Speaking on the sidelines of a workshop on the potential impact of the Don Sahong Dam, Por Try, secretary of state for the Ministry of Agriculture, Forestry and Fisheries, said any Mekong River dam affecting Cambodia’s fish stocks made the government “concerned.”

“There is scientific consensus that Don Sahong Dam will have an impact on fisheries,” Carl Middleton of the International Rivers said about the 360 Megawatt dam located less than 2 km from the Lao-Cambodian border.

“The location of the proposed dam is probably the worst possible place to site a [360 MW] project since it is the point of maximum concentration of fish migration in the river,” Mr. Middleton said, citing a letter signed by 34 international fisheries experts, which was sent to governments and international agencies in May 2007.

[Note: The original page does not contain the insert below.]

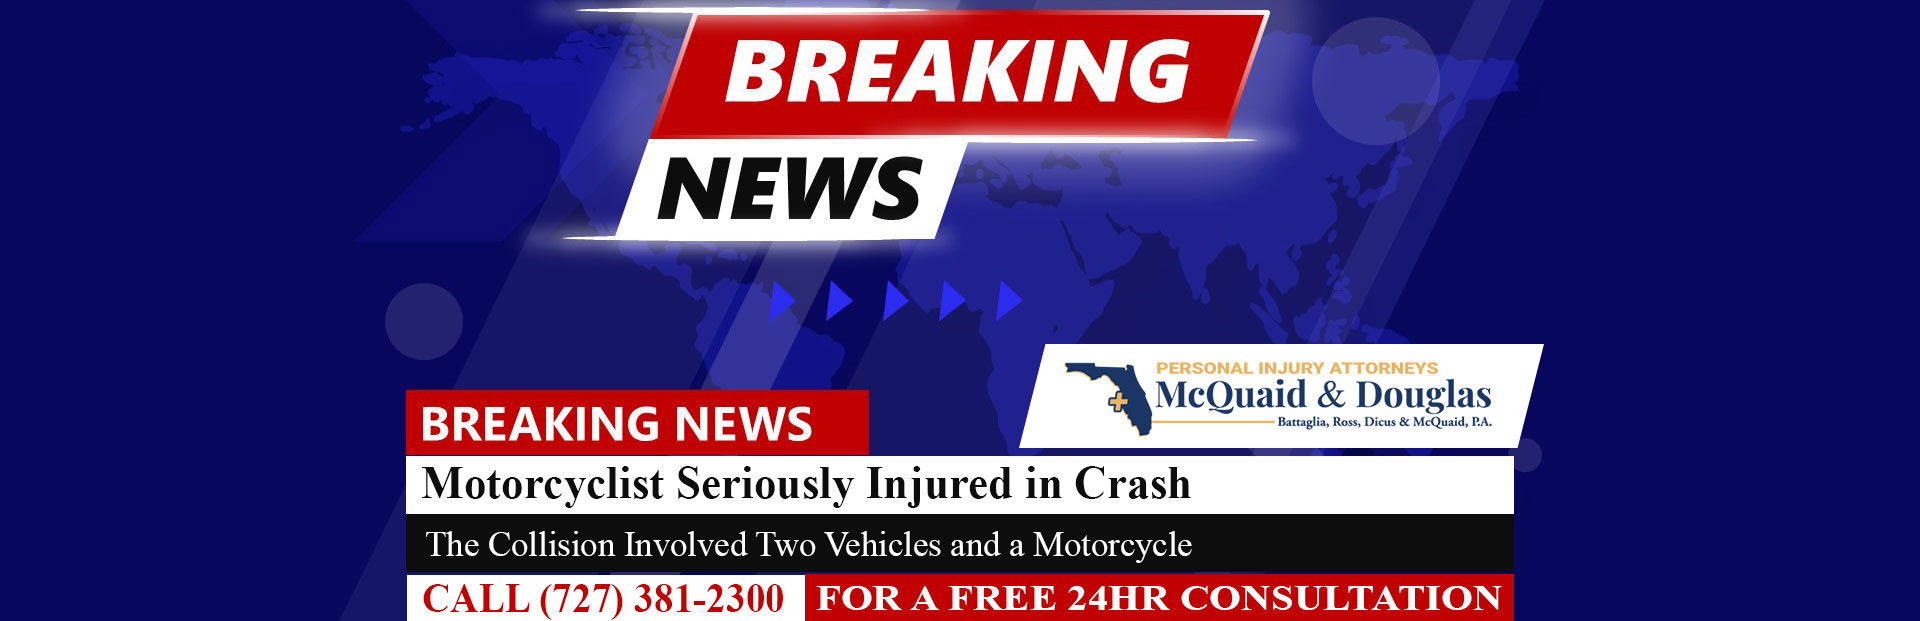 [05[05-18-23] Motorcyclist Seriously Injured in Crash on Ulmerton Road in Largo

The Don Sahong Dam is planned on one of the main channels of the Mekong River in an area called “the 4000 islands,” where the river splits into many parts.  The area is known for its biodiversity and for being a refuge for endangered species, such as the Mekong River Dolphin and the Giant Mekong Catfish, Mr. Middleton said.

Among 11 hydropower projects on the mainstream Mekong, Don Sahong Dam is in the most advanced stage and has been approved by the Laotian government, which has accepted feasibility and environmental impact studies, Mr Middleton said, adding that no project details have been made public.

“Even based on the information we have, the risks are very high,” regional program manger of the World Fish Center Ms Yumiko Kura said.

“Existing mitigation technology, cannot handle the scale and diversity of fish migration in the Mekong,” she said, adding that in some parts of the Mekong 3 million fish migrated through each hour.

So Nam, director of the Fisheries Department’s Inland Fishery Research and Development Institute, said dam development must avoid changes in water level and the natural water flow regime and find a way to solve the problem of fish passages through dams, as 80 percent of all Tonle Sap Lake fish are migratory and a lowering of water levels is known to directly affect fish stocks.

Kuy Chanthy, 41, a fisherman in O’Svay commune, Stung Treng province, attending the workshop said people in his community located close to the dam site were worried about its effects on fish stocks and the quality of the river water, which they use domestically.

“[It] will affect our fishing and standard of living, but it is not only us; it will affect all Cambodians,” he added.